Reputation:
Is there any way we could extract values from describe function in python ?
for an example i have this table
basicprofiling = pdf.toPandas().describe()
product Bs_type country period table_name
count 200 200 200 200 200
unique 2 1 1 1 2
top Deposits Retail vietnam daily animal
freq 100 200 200 200 100
lets say i would want to extract and print product count,unique no and total type. is this achievable ?

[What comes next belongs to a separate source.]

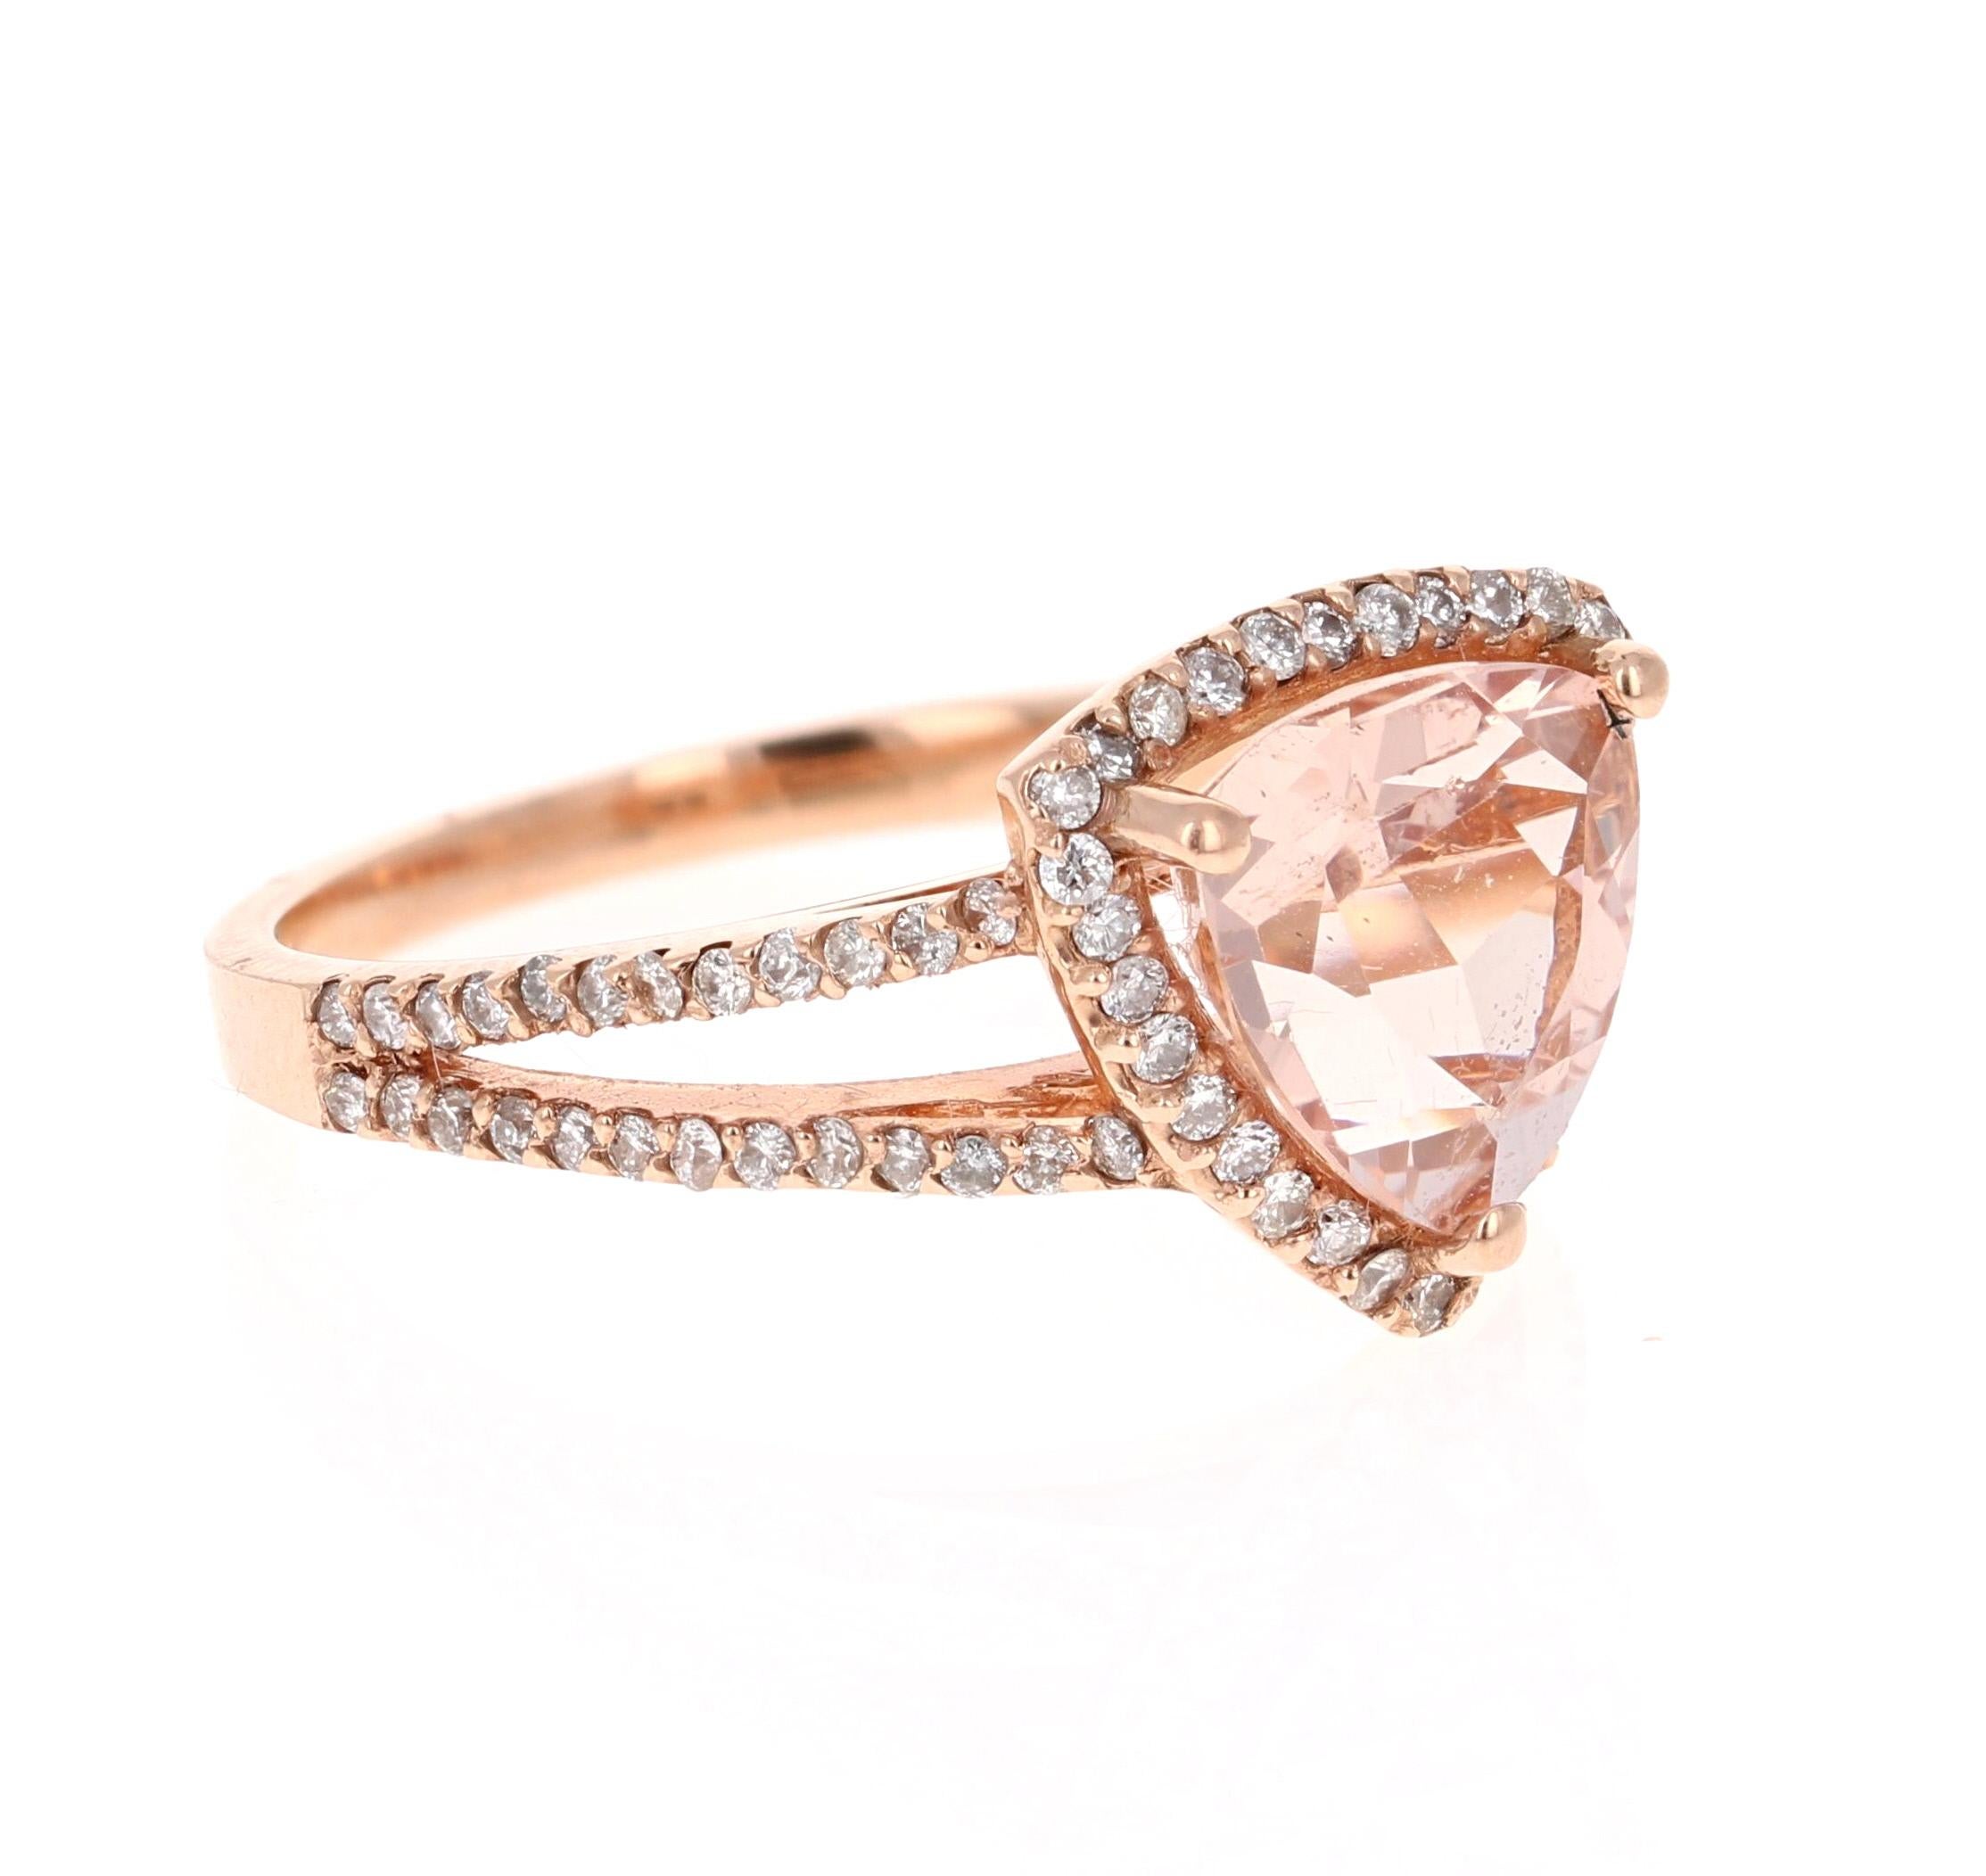 This Morganite ring has a 2.17 Carat Trillion Cut Morganite and is surrounded by 80 Round Cut Diamonds that weigh 0.42 Carats. The total carat weight of the ring is 2.59 Carats. The clarity and color of the natural diamonds are SI1-H. 

It is

this is what i tried basicprofiling.select('prf_product') but it is returning error on str not callable
Upvotes: 2
Views: 2996
Reputation: 3631
Describe returns a DataFrame where the summary names are the index, so you can access all the counts (for example) using loc
, like this:
import numpy as np
import pandas as pd
df = pd.DataFrame(np.array([[1, 2, 3], [4, 5, 6], [7, 8, 9]]), columns=['a', 'b', 'c'])
data = df.describe()
data.loc['count']
And individual values like this:
data.loc["count","a"]
Upvotes: 1
Reputation: 403
If you run this line, you will see that
print(type(df.describe()))
actually returns a dataframe:
<class 'pandas.core.frame.DataFrame'>
So you can access values inside like you would a regular dataframe:
df = pd.DataFrame({"a":[1,4],"b":[2,1],"c":[7,9],"d":[1,3]})
print(df.describe()['a']['count'])
The output will be: 2.0
Upvotes: 0
Reputation: 39072
You can use to_frame()
to get a DataFrame from the Series (output of describe
) and then .T
to tranaform the Series indices to column names. Then you can simply access the values you want. For example
s = pd.Series(['a', 'a', 'b', 'c'])
basicprofiling = s.describe().to_frame().T
print (basicprofiling['count'], basicprofiling['unique'])
# 4, 3
Upvotes: 0